- **DATASET EXTRACT**
-=-=-
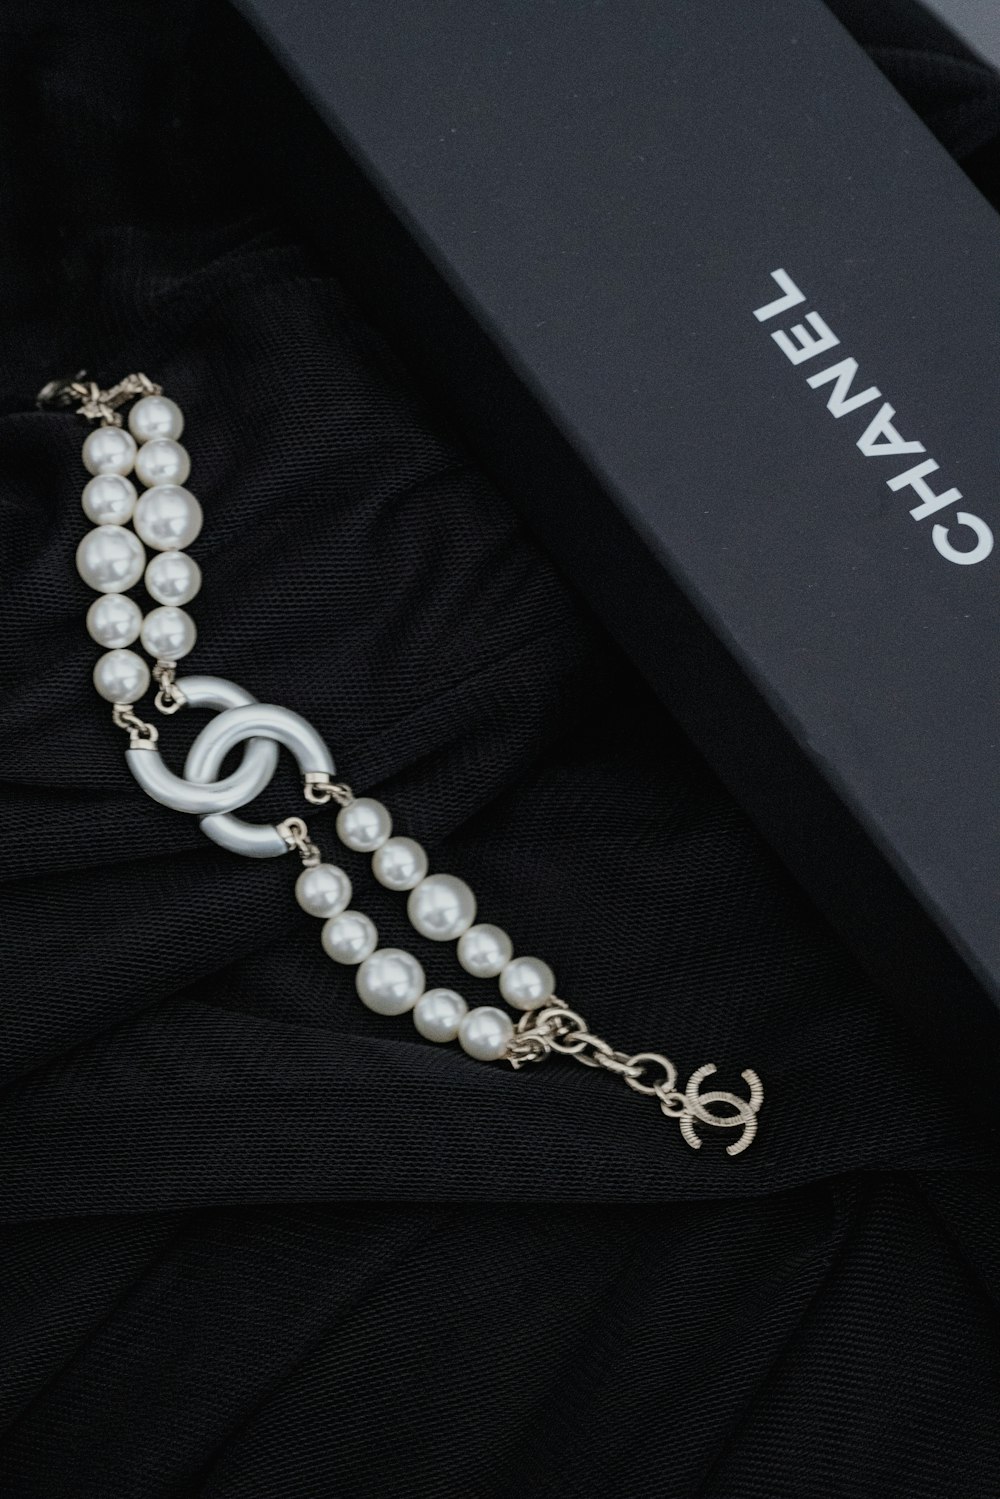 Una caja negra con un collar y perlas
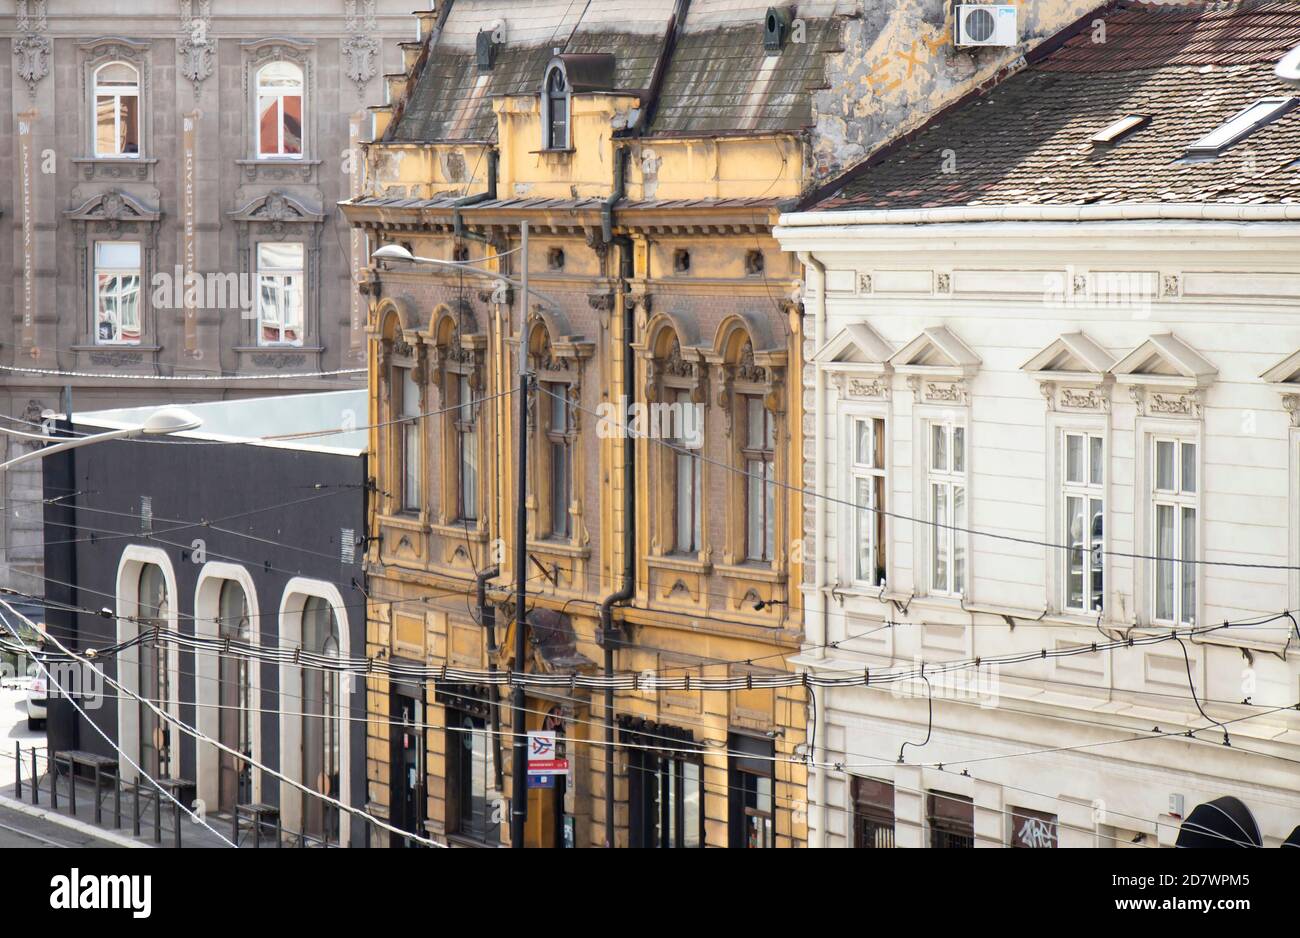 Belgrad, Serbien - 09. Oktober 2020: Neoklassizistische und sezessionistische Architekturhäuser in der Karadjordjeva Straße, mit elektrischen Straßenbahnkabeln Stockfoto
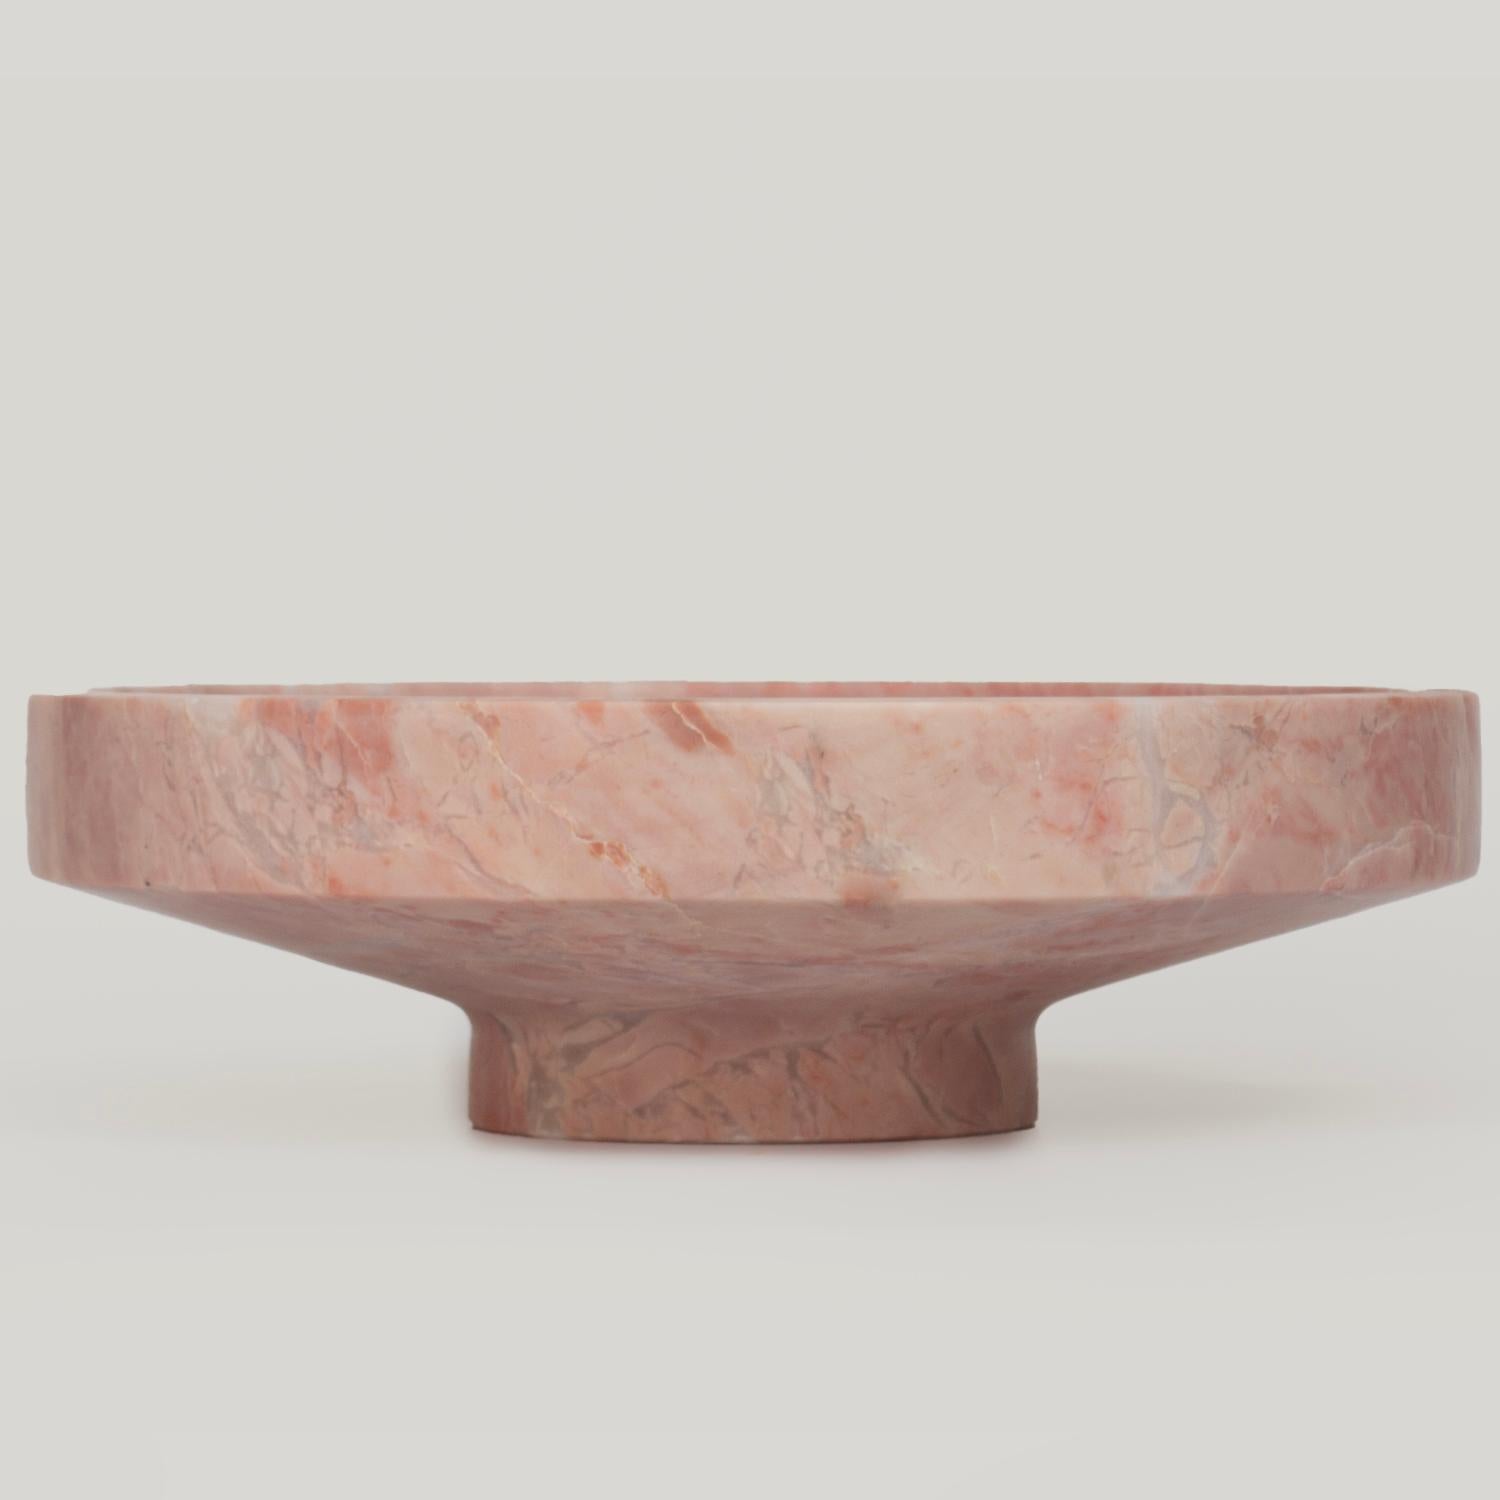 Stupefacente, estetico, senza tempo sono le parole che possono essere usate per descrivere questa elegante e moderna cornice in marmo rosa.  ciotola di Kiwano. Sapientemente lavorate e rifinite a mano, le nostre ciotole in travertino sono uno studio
-=-=-
- **WHAT TO DO**
Since the pictures are not wanted, write out the rest of the data exactly as it reads.

- **RESULT OF THE EXERCISE**
 Una caja negra con un collar y perlas
 Belgrad, Serbien - 09. Oktober 2020: Neoklassizistische und sezessionistische Architekturhäuser in der Karadjordjeva Straße, mit elektrischen Straßenbahnkabeln Stockfoto
 Stupefacente, estetico, senza tempo sono le parole che possono essere usate per descrivere questa elegante e moderna cornice in marmo rosa.  ciotola di Kiwano. Sapientemente lavorate e rifinite a mano, le nostre ciotole in travertino sono uno studio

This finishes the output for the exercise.